Friday, April 07, 2006

Whistleblower admits - AT&T routed domestic calls to NSA

Wired News (a tech site) has an article blowing the lid off the NSA spying matter, describing how AT&T routed domestic calls, yours and mine, to the NSA.


Whistle-Blower Outs NSA Spy Room

See Also
A Pretty Good Way to Foil the NSA
AT&T Sued Over NSA Eavesdropping


By Ryan Singel Also by this reporter11:15 AM Apr, 07, 2006
AT&T provided National Security Agency eavesdroppers with full access to its customers' phone calls, and shunted its customers' internet traffic to data-mining equipment installed in a secret room in its San Francisco switching center, according to a former AT&T worker cooperating in the Electronic Frontier Foundation's lawsuit against the company.

Mark Klein, a retired AT&T communications technician, submitted an affidavit in support of the EFF's lawsuit this week. That class action lawsuit, filed in federal court in San Francisco last January, alleges that AT&T violated federal and state laws by surreptitiously allowing the government to monitor phone and internet communications of AT&T customers without warrants.

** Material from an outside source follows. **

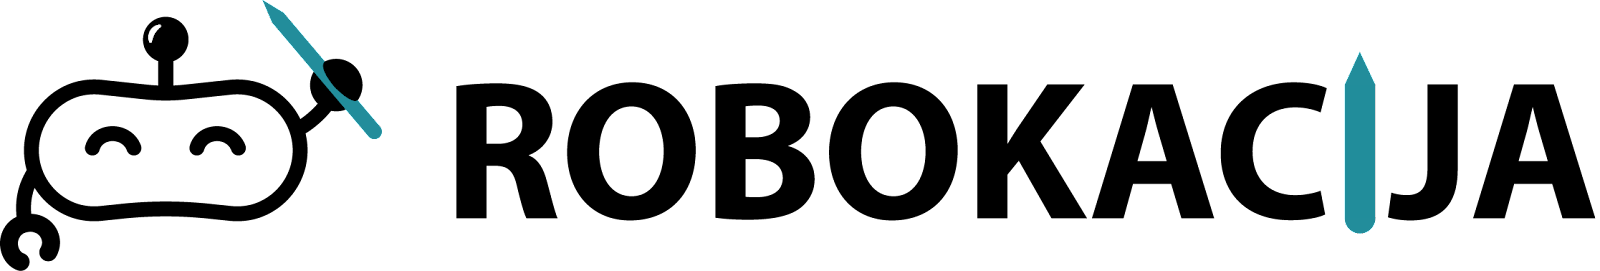 Macintosh HD:Users:ikunovic:Desktop:REFERENCE:DIZAJN robokacija logo:RobokacijaLogoLong.png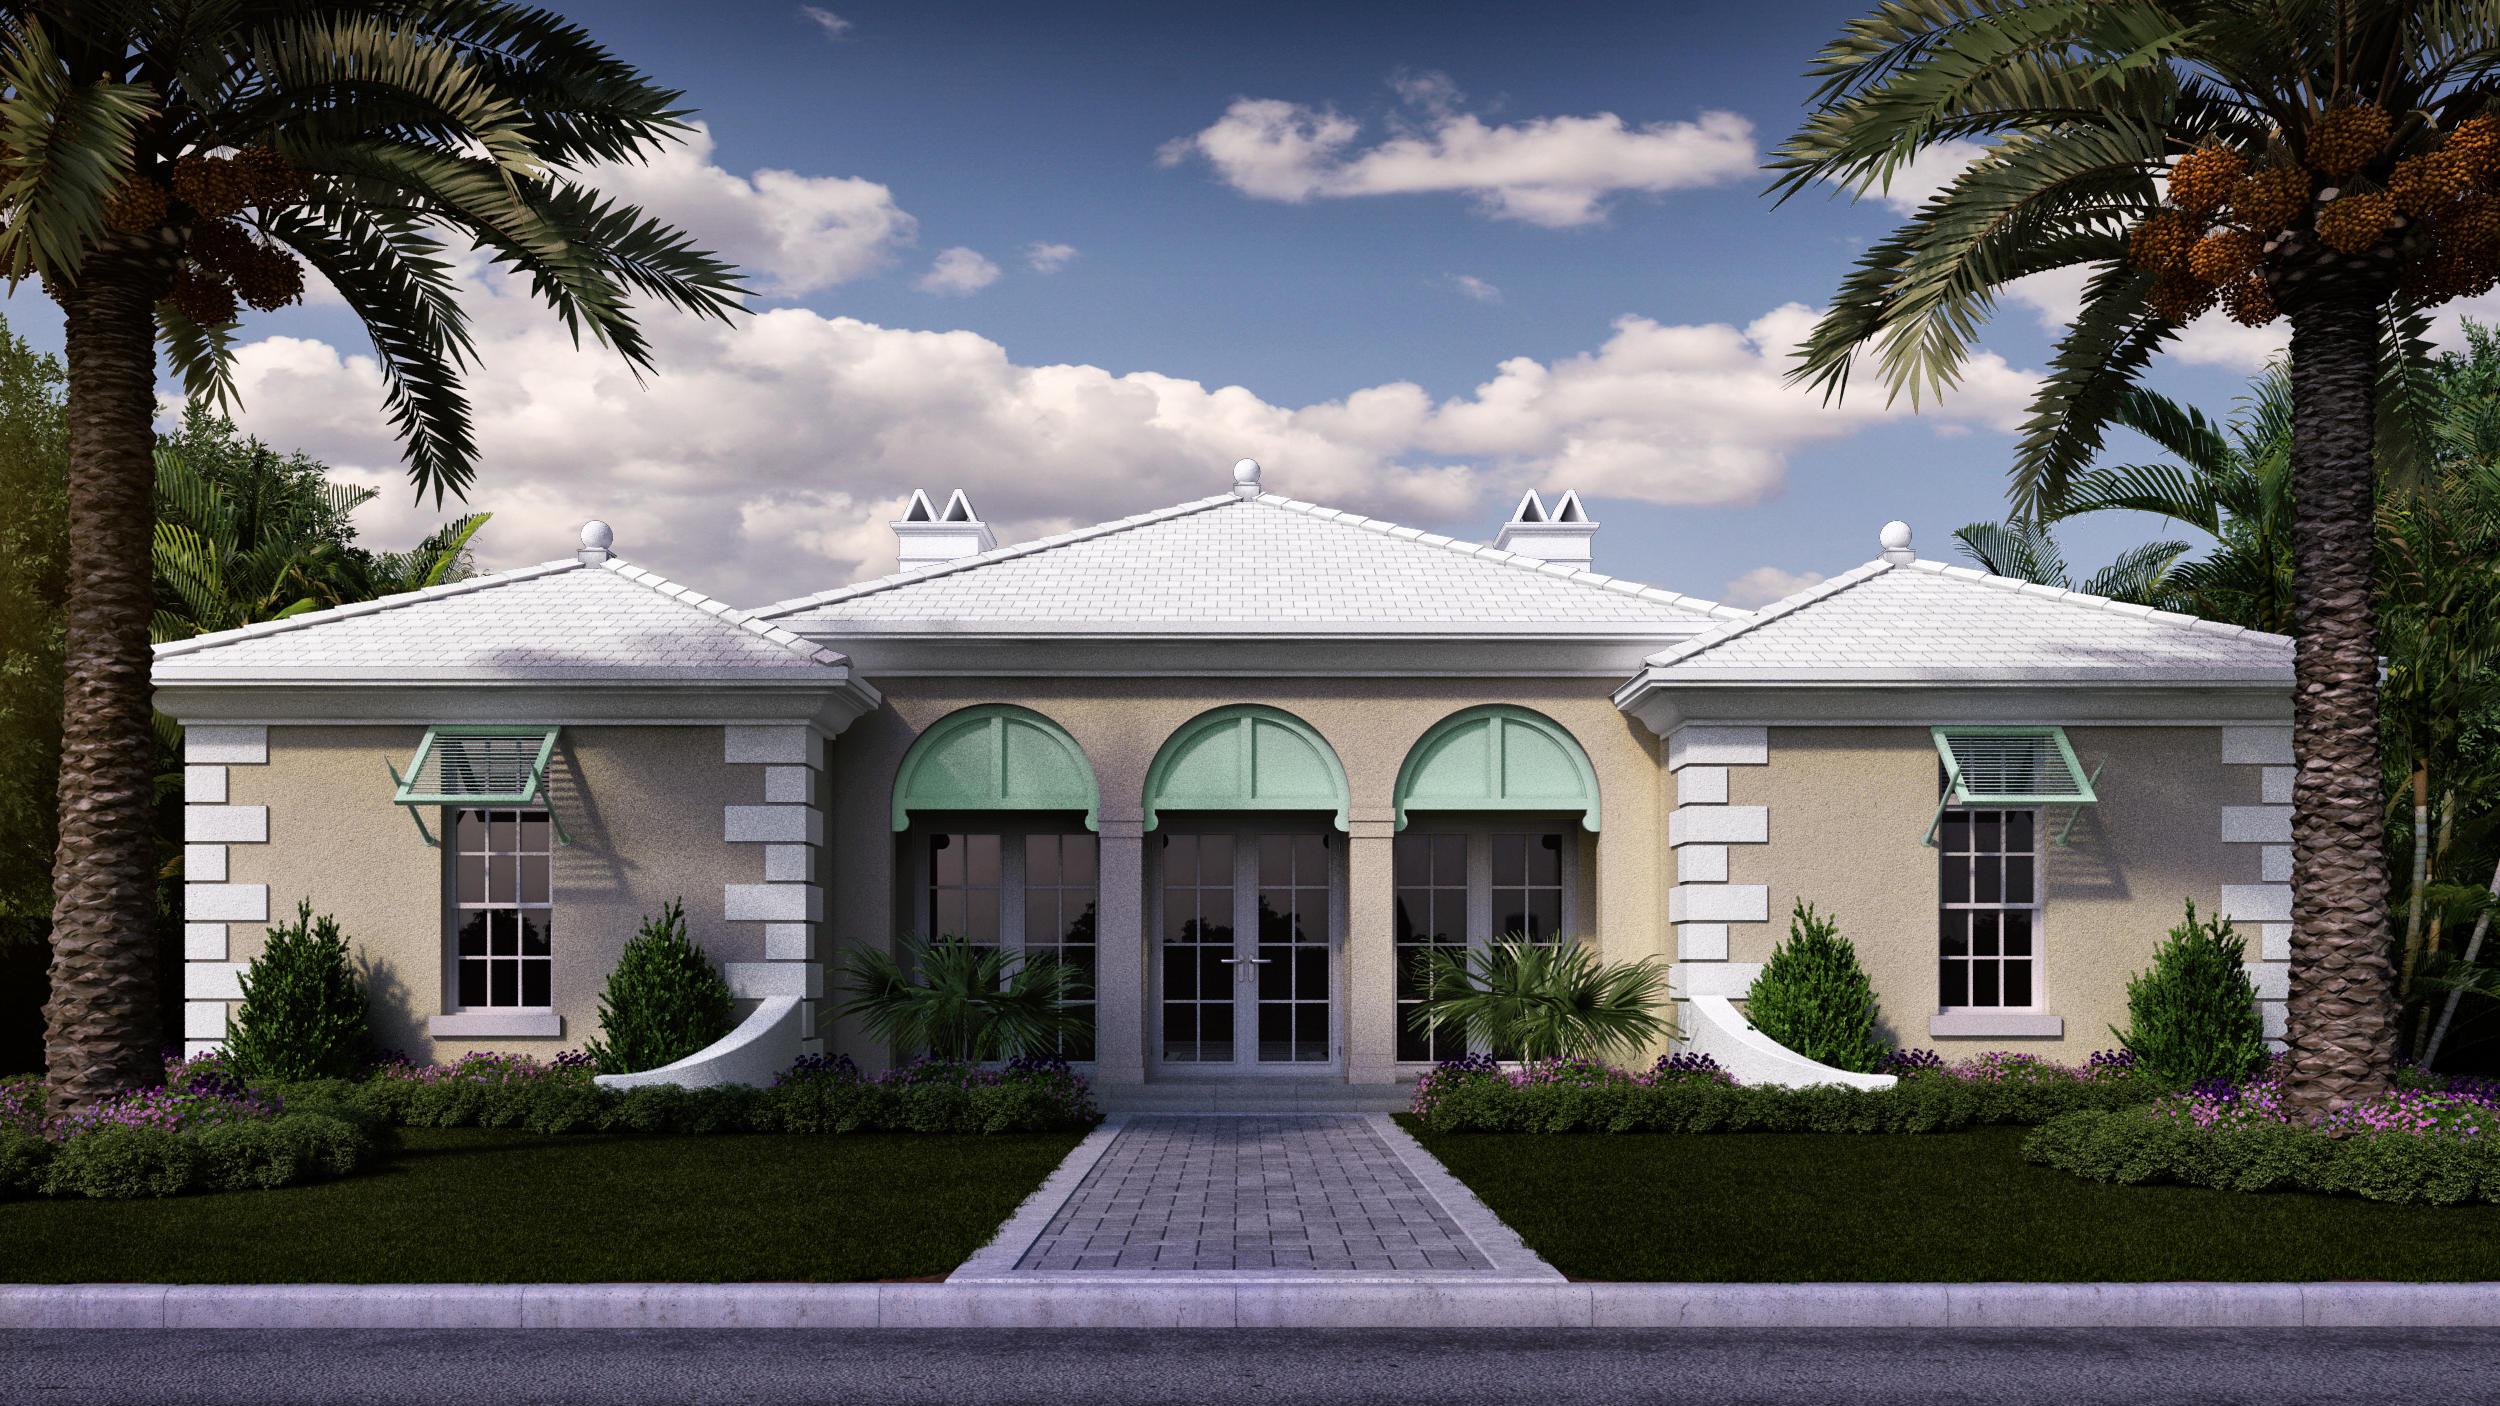 2628 Greenway Drive, Jupiter, Florida 33458, 3 Bedrooms Bedrooms, ,3.1 BathroomsBathrooms,A,Single family,Greenway,RX-10418400

On Wednesday, the EFF asked the court to issue an injunction prohibiting AT&T from continuing the alleged wiretapping, and filed a number of documents under seal, including three AT&T documents that purportedly explain how the wiretapping system works.
According to a statement released by Klein's attorney, an NSA agent showed up at the San Francisco switching center in 2002 to interview a management-level technician for a special job. In January 2003, Klein observed a new room being built adjacent to the room housing AT&T's #4ESS switching equipment, which is responsible for routing long distance and international calls.

"I learned that the person whom the NSA interviewed for the secret job was the person working to install equipment in this room," Klein wrote. "The regular technician work force was not allowed in the room."

Klein's job eventually included connecting internet circuits to a splitting cabinet that led to the secret room. During the course of that work, he learned from a co-worker that similar cabinets were being installed in other cities, including Seattle, San Jose, Los Angeles and San Diego."



"Despite what we are hearing, and considering the public track record of this administration, I simply do not believe their claims that the NSA's spying program is really limited to foreign communications or is otherwise consistent with the NSA's charter or with FISA," Klein's wrote. "And unlike the controversy over targeted wiretaps of individuals' phone calls, this potential spying appears to be applied wholesale to all sorts of internet communications of countless citizens."


The rest is here. (Thanks to blogger oznick)


Just yesterday, Attorney General "Abu" Gonzalez stated that the president may very well use his unitary executive authority to intercept domestic to domestic calls in the US. Yes, that means what you think it means: our calls being listened to. Frankly, after reading the above report, I've no doubt the word "may" really means "already has used."